**SOURCE DATA:**
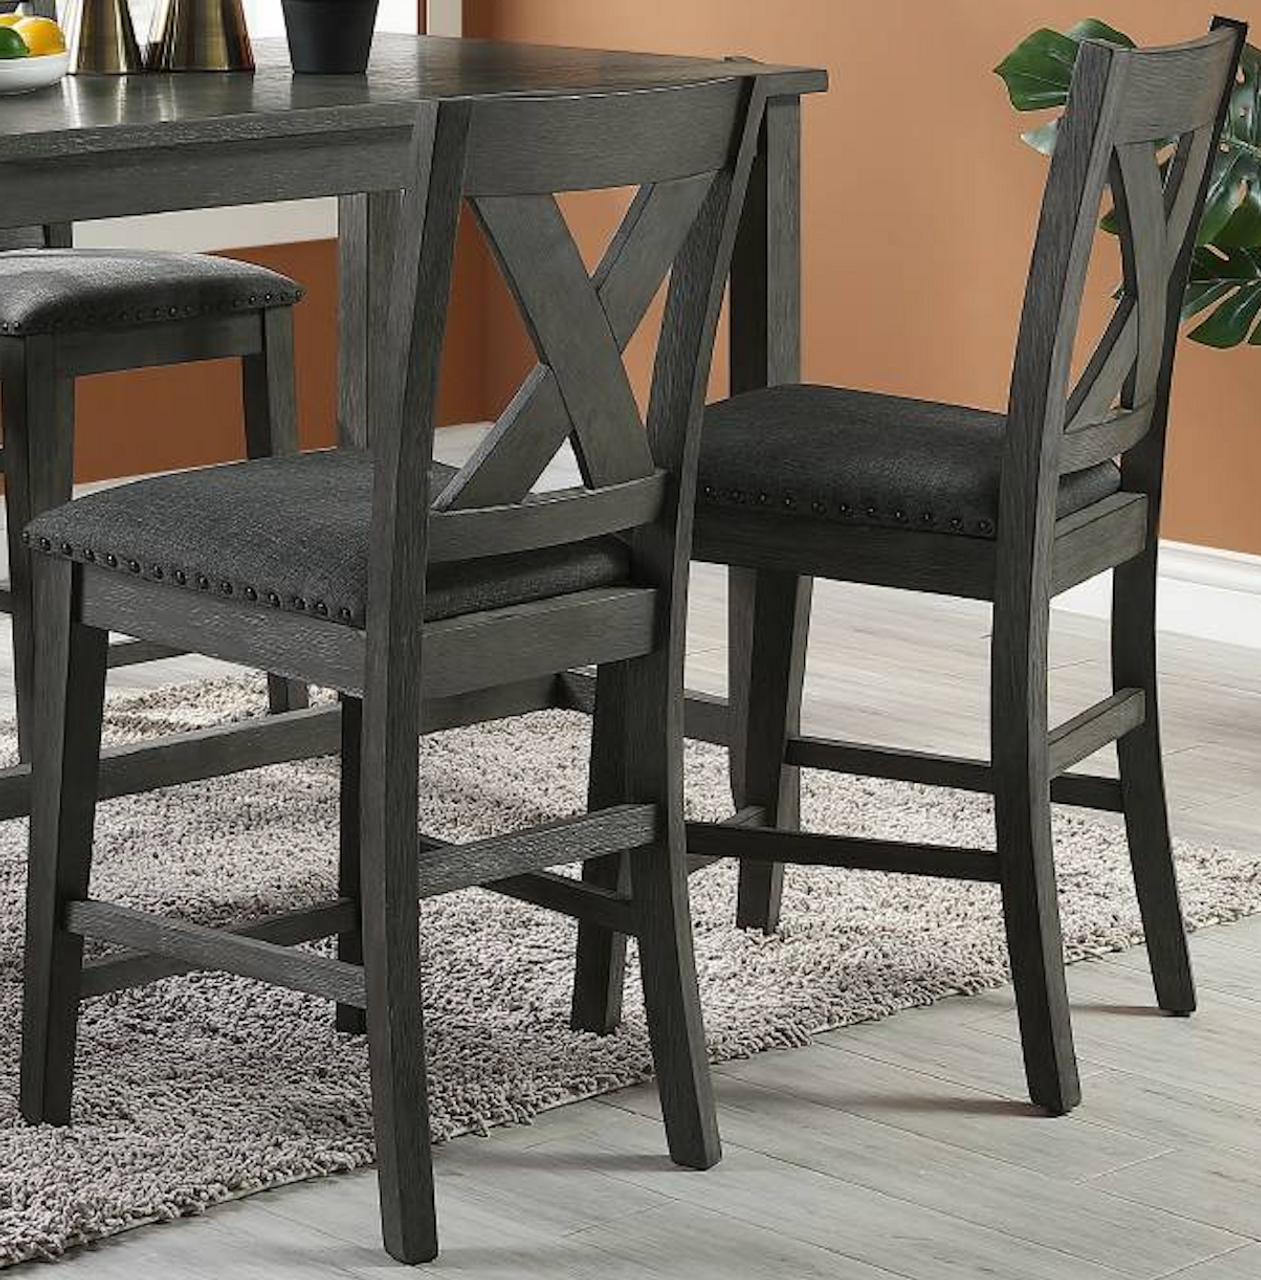 Modern Contemporary Dining Room Furniture Chairs Set gray wash-gray-dining room-classic-modern-dining
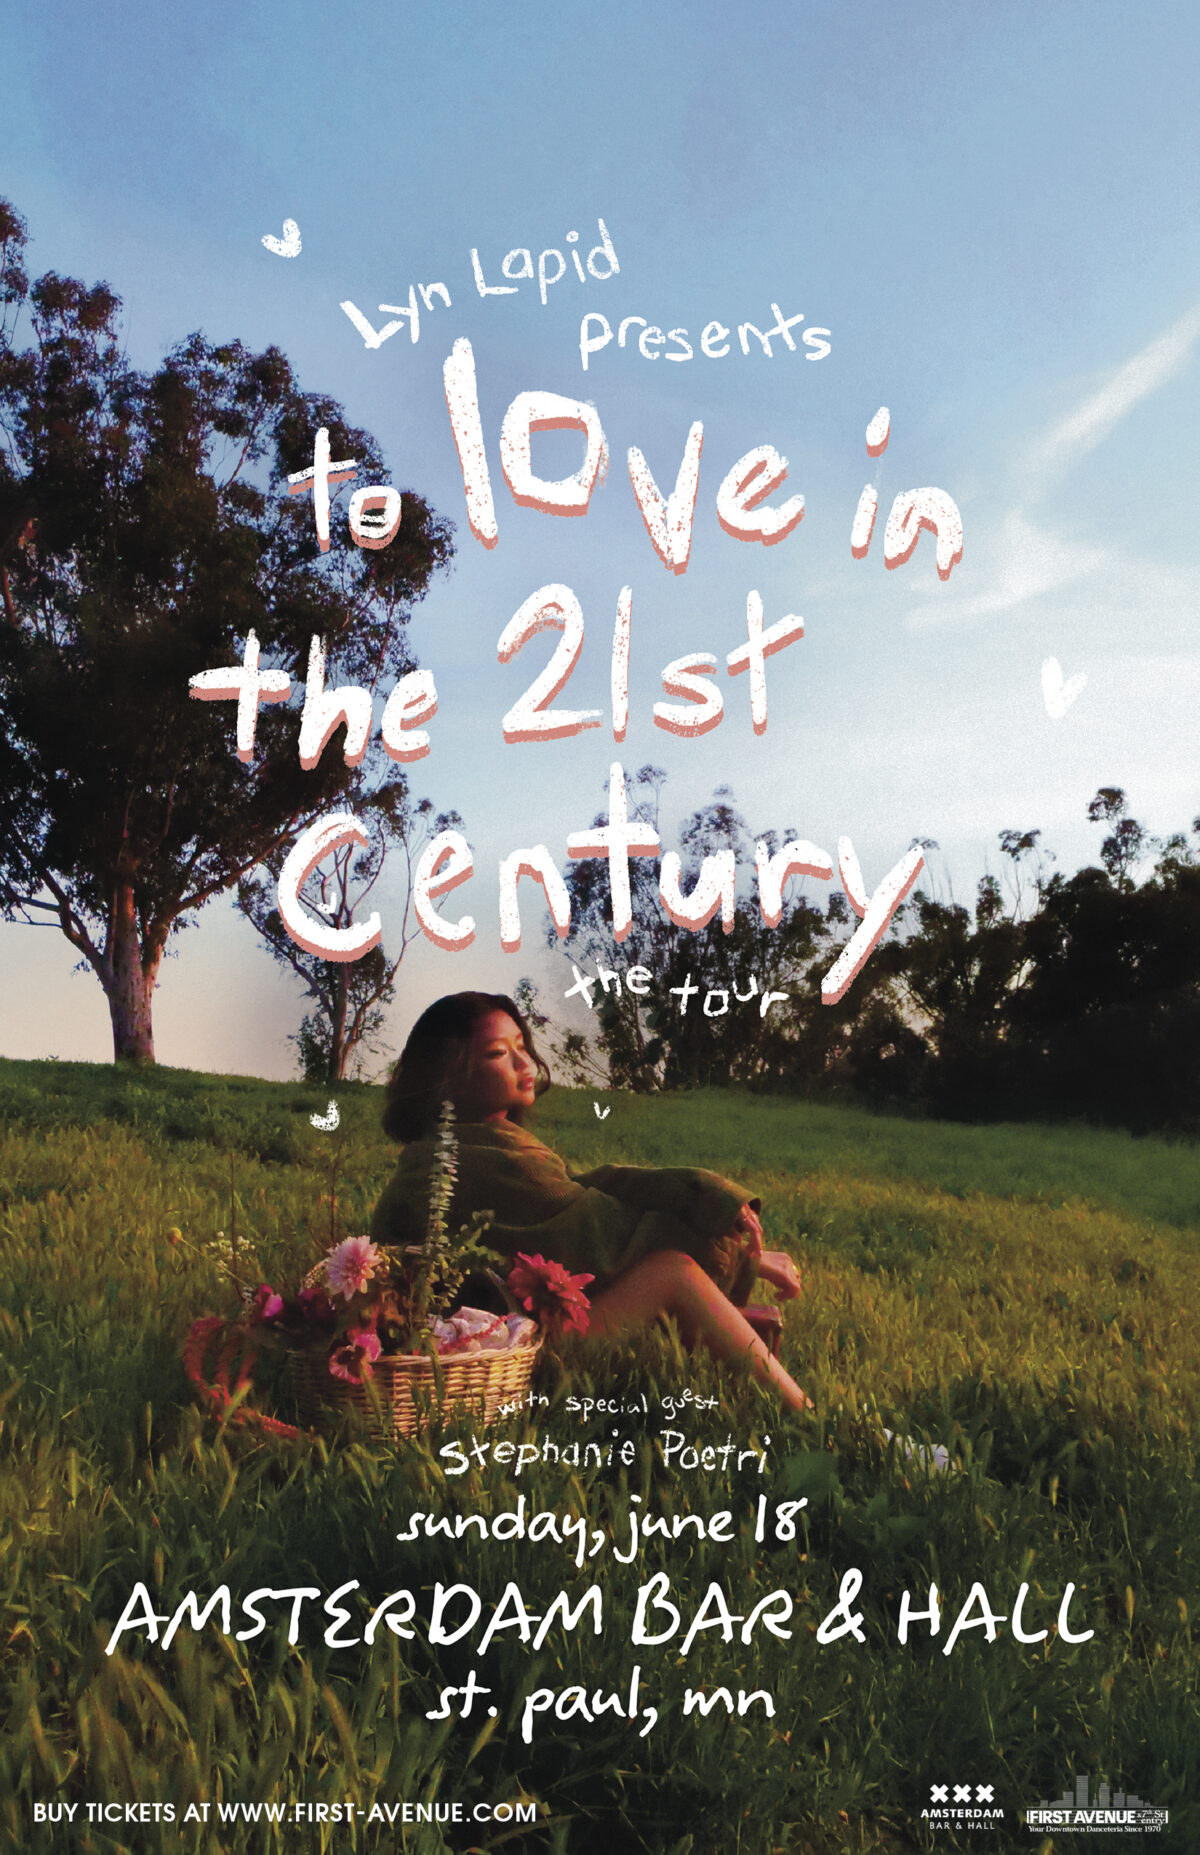 First Avenue presents…Lyn Lapid to love in the 21st century tour with
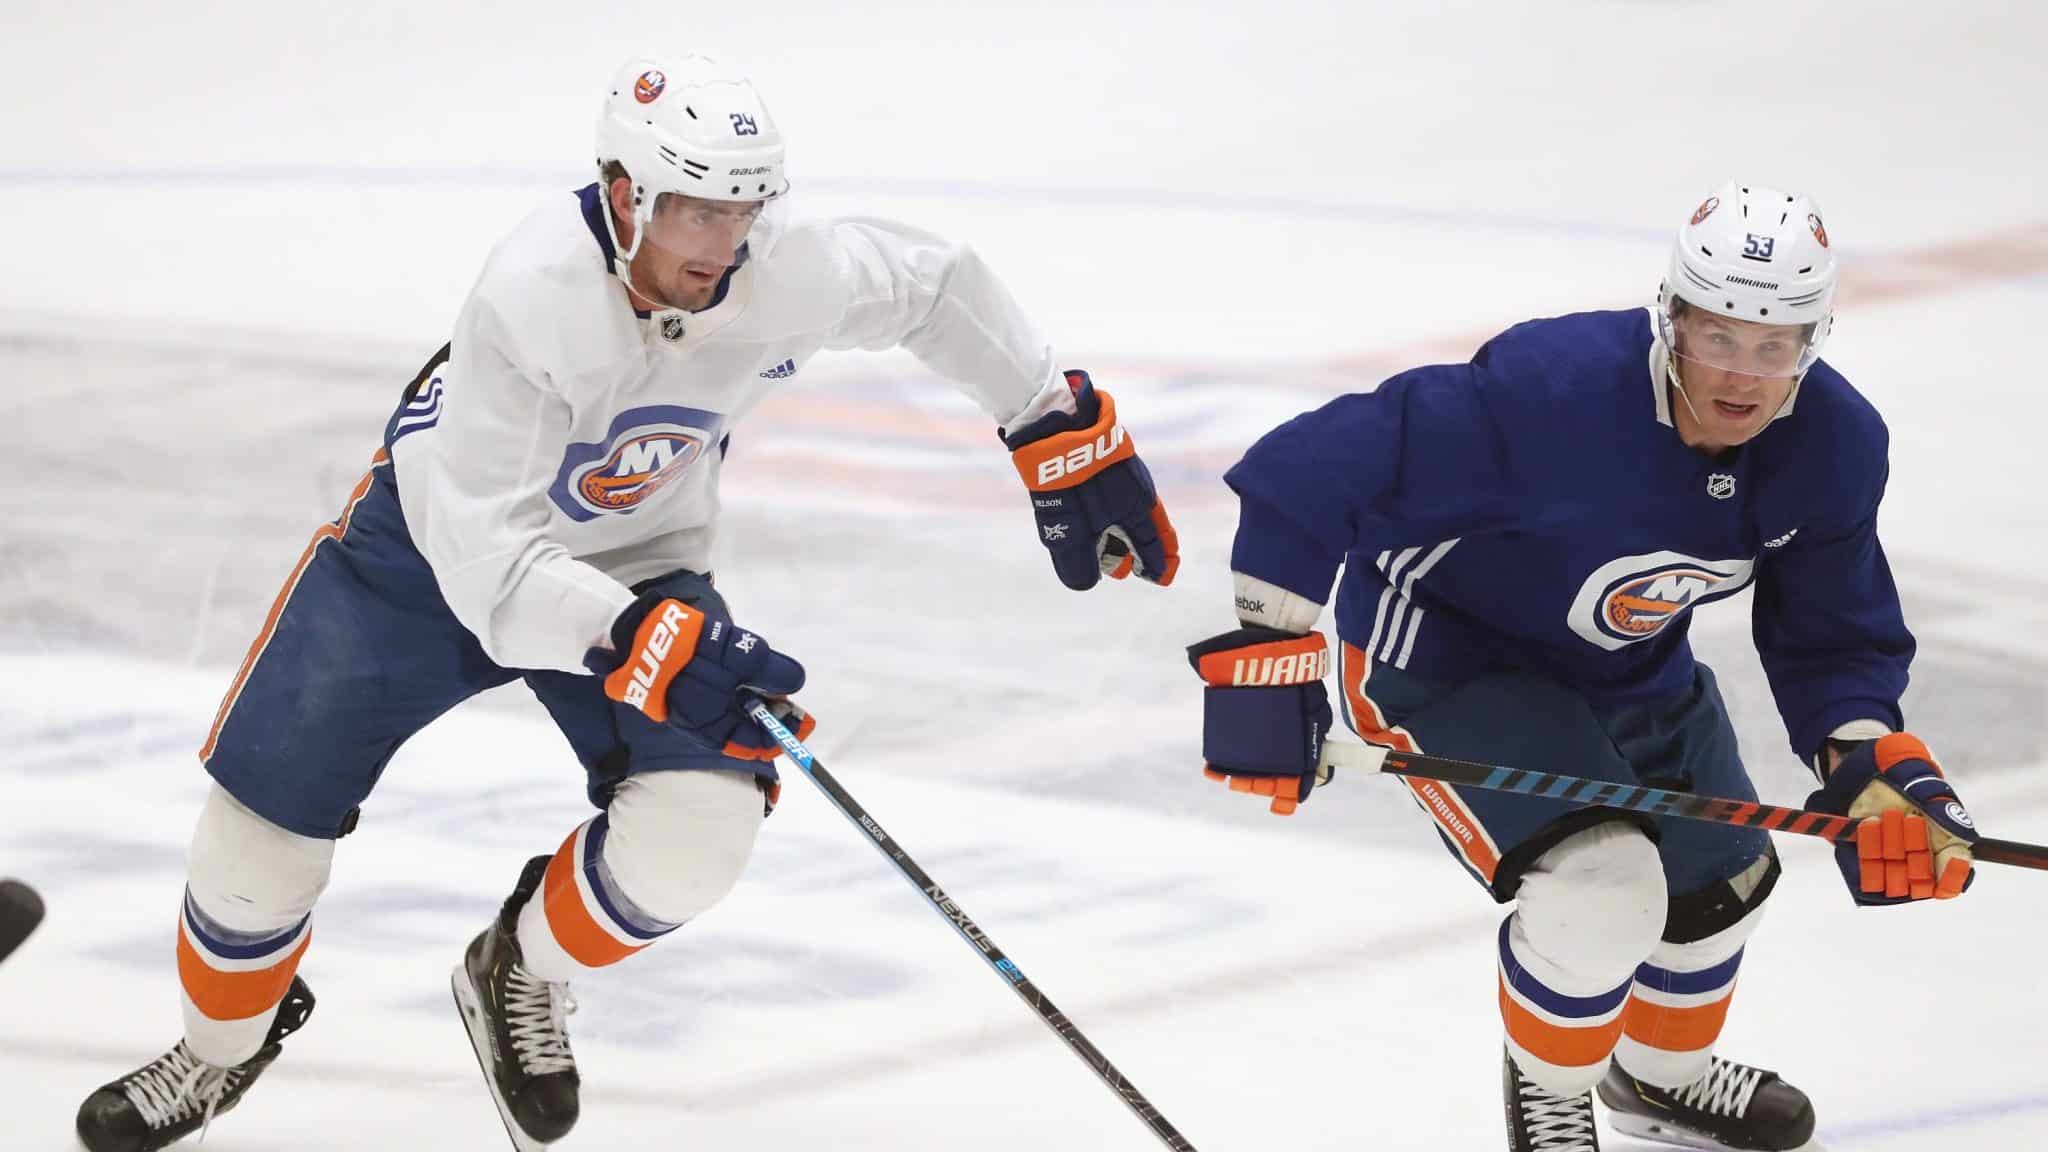 EAST MEADOW, NEW YORK - JULY 13: (L-R) Brock Nelson #29 and Casey Cizikas #53 of the New York Islanders skate in practice at the Northwell Health Ice Center on July 13, 2020 in East Meadow, New York. This is the first practice for the team since the NHL paused it's season due to the coronavirus pandemic.

**YOUR OBJECTIVE:**
Only the lines from the top of the material above down to the line bearing "First Avenue presents…Lyn", that line included, should be set down exactly; no pictures.

**ANSWER TO THIS TASK:**
 Modern Contemporary Dining Room Furniture Chairs Set gray wash-gray-dining room-classic-modern-dining
 First Avenue presents…Lyn Lapid to love in the 21st century tour with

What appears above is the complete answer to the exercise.